The conversation went on, but all I could think of was how lonely my brother would’ve felt during the final moments of his life. I should’ve been there by his side then maybe I could’ve prevented his demise.
Why did I even study so much, for what purpose did I even work so hard if I couldn’t even protect the most important person in my life?
[will you blame me too, brother?]
[will you also curse my existence in this cruel world?]
[I don’t know anymore… My entire purpose in life was to protect you…]
I don’t know what to do… I don’t know where to go… I’m lost. The road I was following throughout my life darkened as the light guiding me faded away, leaving me alone in the darkness.
I felt so sorry for the family he left behind, his son looking worse than I am. I can only imagine the sight he had seen… the horror of watching your parents killed…
[I know what you feel brat…]
I caress the hair of Griffin’s son as he slept inside the worn-out wagon, it’s already night and both kids were fast asleep, his eyes were baggy, his body skinny, trembling slightly as he sleeps. He looked more vulnerable than my brother ever was…

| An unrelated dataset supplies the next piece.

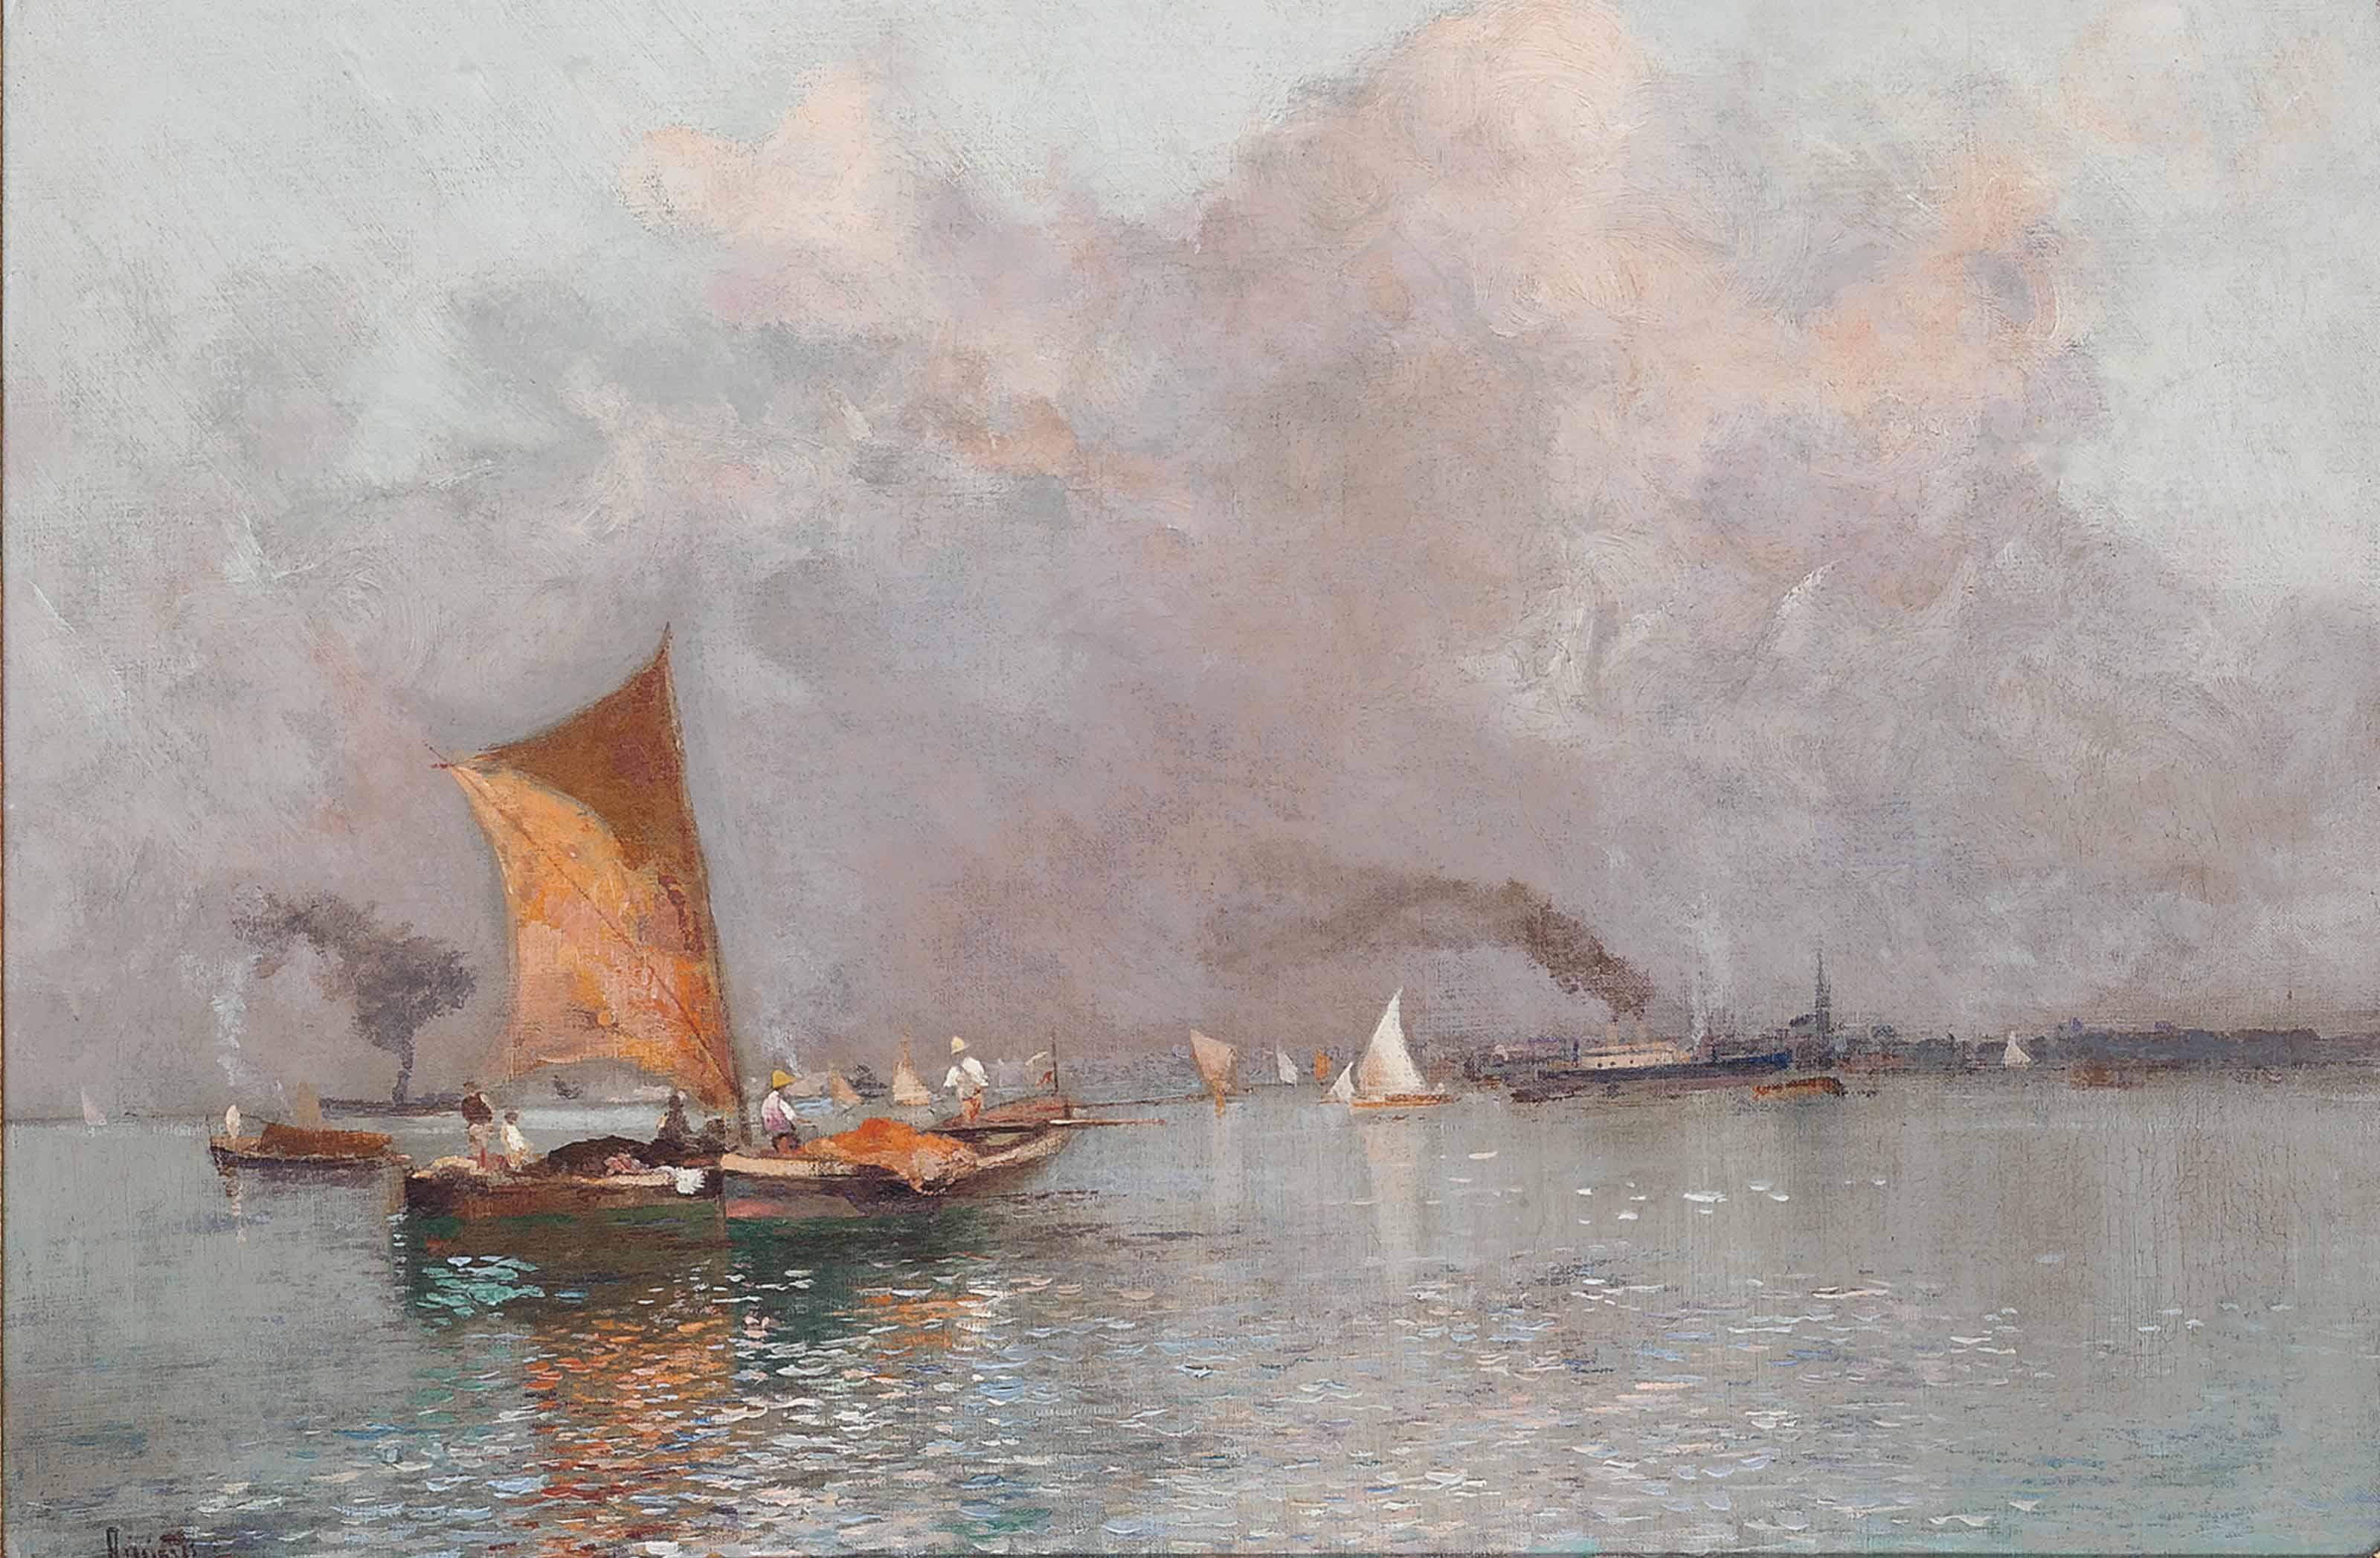 Fishing vessels off the Neapolitan coast

[will you trust me to protect your son brother? I’ve failed you once before… but I will redeem myself… because I don’t know how to face you in heaven when I fail once again… I will protect your son even if it cost my life] I wrapped my arms around Sura, placing his tiny head on my chest. I thought to myself that what he needs now is the feeling of safety.
[This time… I will redeem myself. I will keep my promise. I swear.] The little ‘midget’ finally stopped trembling.